Abstract
A new study suggests that the leading genetic risk factor for Alzheimer’s disease, apolipoprotein E4 (APOE4), is linked to blood–brain barrier breakdown and subsequent cognitive decline. These findings broaden our understanding of how cerebrovascular mechanisms contribute to cognitive impairment and should stimulate new directions for pursuing therapeutic approaches for Alzheimer’s disease and related dementias.
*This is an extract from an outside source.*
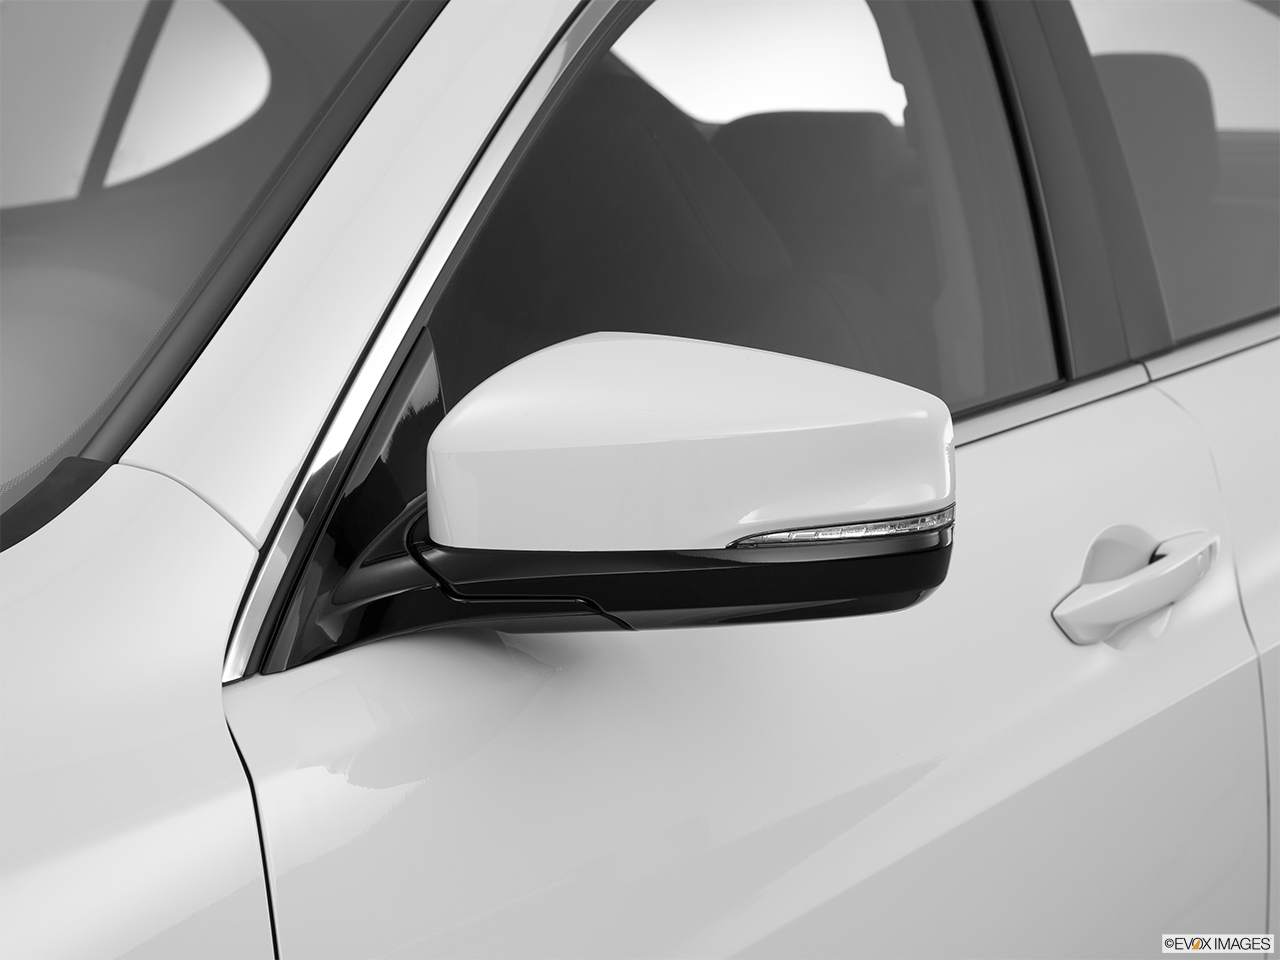 2015 Acura TLX 3.5 V-6 9-AT SH-AWD Driver's side mirror, 3_4 rear

Keywords: Alzheimer’s disease, dementia, apolipoprotein E4, blood–brain barrier, pericyte degeneration
Scientists continue to make great strides in understanding the molecular mechanisms of Alzheimer’s disease (AD) and related dementias, but clinically effective therapies remain elusive. With the failure of several large trials of treatments designed to lower the amyloid load in the brain of patients with AD, a shift in thinking is taking place, and the role of vascular contributions to AD and dementia is increasingly recognized. A recent study by Montagne et al. now present exciting evidence in humans and mouse models that the leading genetic risk factor for AD, APOE4, may be directly linked to blood–brain barrier (BBB) breakdown that anticipates cognitive decline.1
Focusing on middle-aged individuals (≥45 years of age) who had either healthy cognition or mild cognitive impairment (a prelude to AD), the authors used dynamic magnetic resonance imaging (MRI) to map the blood-to-brain transfer coefficient of the MRI contrast agent gadolinium (Ktrans).1 Their results showed that BBB permeability in the hippocampus and parahippocampal gyrus were significantly increased in APOE4 carriers. Moreover, BBB leakage was worse in APOE4 carriers who exhibited mild cognitive decline. A recent study also revealed a higher prevalence of cerebral white matter hyperintensities (WMH) in APOE4 carriers.2 Since cerebral small-vessel-disease associated WMH and microbleeds are common in the elderly, it would be instructive to examine BBB alterations in white matter of APOE4 carriers, and ask whether these mechanisms may more broadly contribute to cognitive disconnections throughout the entire brain.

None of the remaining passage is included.